In an email response to MIT Technology Review, Entergy said that it has discussed the operational aspects of the facility with Meta, but “as with all customers, Entergy Louisiana will not discuss sensitive matters on behalf of their customers.” In a letter filed with the state’s regulators in early April, Meta said Entergy’s understanding of its energy needs is, in fact, accurate.
The February motion also raised concern over who will end up paying for the new gas plants. Entergy says Meta has signed a 15-year supply contract for the electricity that is meant to help cover the costs of building and running the power plants but didn’t respond to requests by MIT Technology Review for further details of the deal, including what happens if Meta wants to terminate the contract early.
Meta referred MIT Technology Review’s questions about the contract to Entergy but says its policy is to cover the full cost that utilities incur to serve its data centers, including grid upgrades. It also says it is spending over $200 million to support the Richland Parish data centers with new infrastructure, including roads and water systems.
Not everyone is convinced. The Alliance for Affordable Energy, which works on behalf of Louisiana residents, says that the large investments in new gas turbines could mean future rate hikes, in a state where residents already have high electricity bills and suffer from one of country’s most unreliable grids. Of special concern is what happens after the 15 years.
“Our biggest long-term concern is that in 15 years, residential ratepayers [and] small businesses in Louisiana will be left holding the bag for three large gas generators,” says Logan Burke, the alliance’s executive director.
Indeed, consumers across the country have good reasons to fear that their electricity bills will go up as utilities look to meet the increased demand from AI data centers by building new generation capacity. In a paper posted in March, researchers at Harvard Law School argued that utilities “are now forcing the public to pay for infrastructure designed to supply a handful of exceedingly wealthy corporations.”

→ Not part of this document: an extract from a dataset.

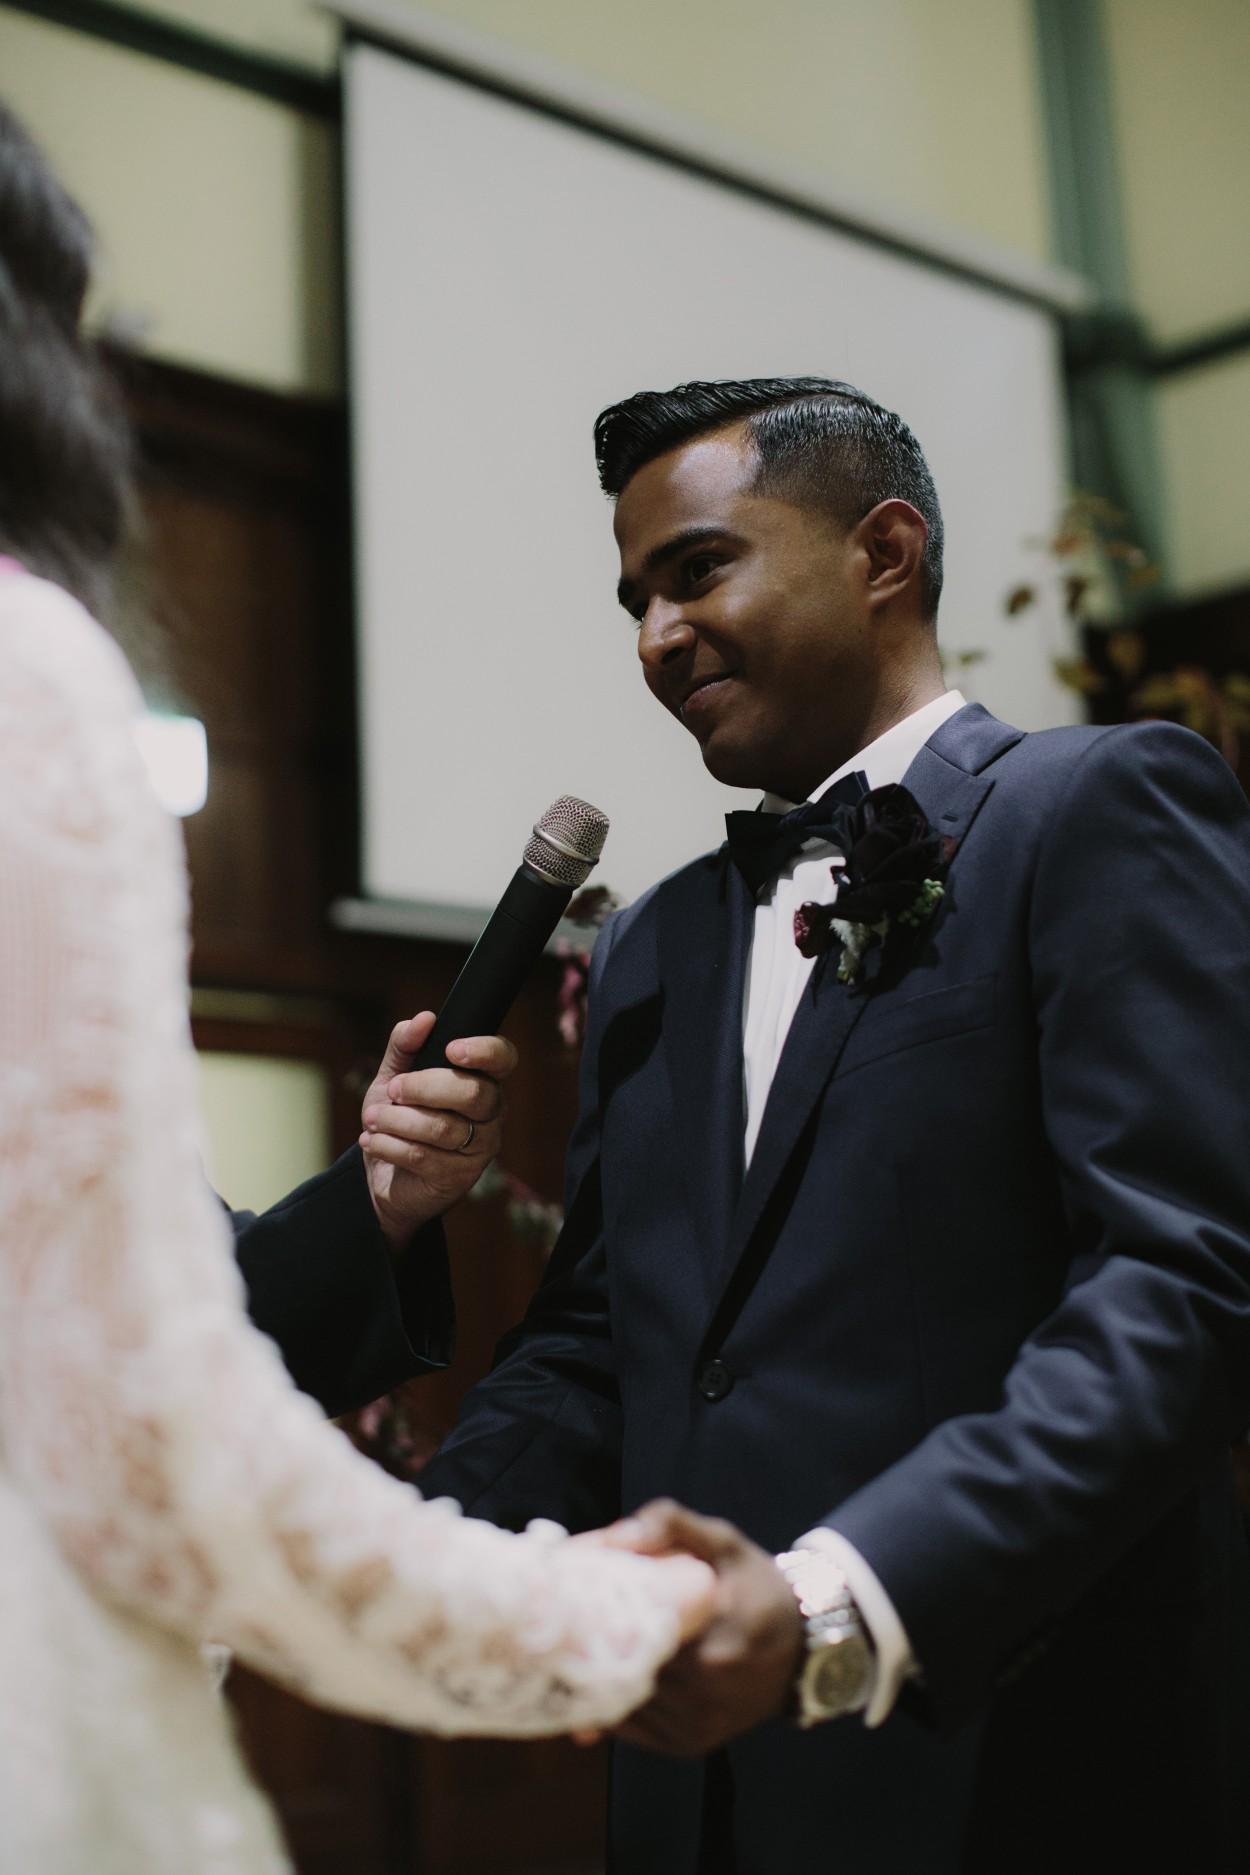 I-Got-You-Babe-Weddings-The-033George-Ballroom-St-Kilda-Wedding-Amy-Abhi.jpg

The Harvard authors write, “Utilities tell [public utility commissions] what they want to hear: that the deals for Big Tech isolate data center energy costs from other ratepayers’ bills and won’t increase consumers’ power prices.” But the complexity of the utilities’ payment data and lack of transparency in the accounting, they say, make verifying this claim “all but impossible.”
The boom in AI data centers is making Big Tech a player in our energy infrastructure and electricity future in a way unimaginable just a few years ago. At their best, AI companies could greatly facilitate the move to cleaner energy by acting as reliable and well-paying customers that provide funding that utilities can use to invest in a more robust and flexible electricity grid. This change can happen without burdening other electricity customers with additional risks and costs. But it will take AI companies committed to that vision. And it will take state regulators who ask tough questions and don’t get carried away by the potential investments being dangled by AI companies.
Huge new AI data centers like the one in Richland Parish could in fact be a huge economic boon by providing new jobs, but residents deserve transparency and input into the negotiations. This is, after all, public infrastructure. Meta may come and go, but Louisiana’s residents will have to live with—and possibly pay for—the changes in the decades to come.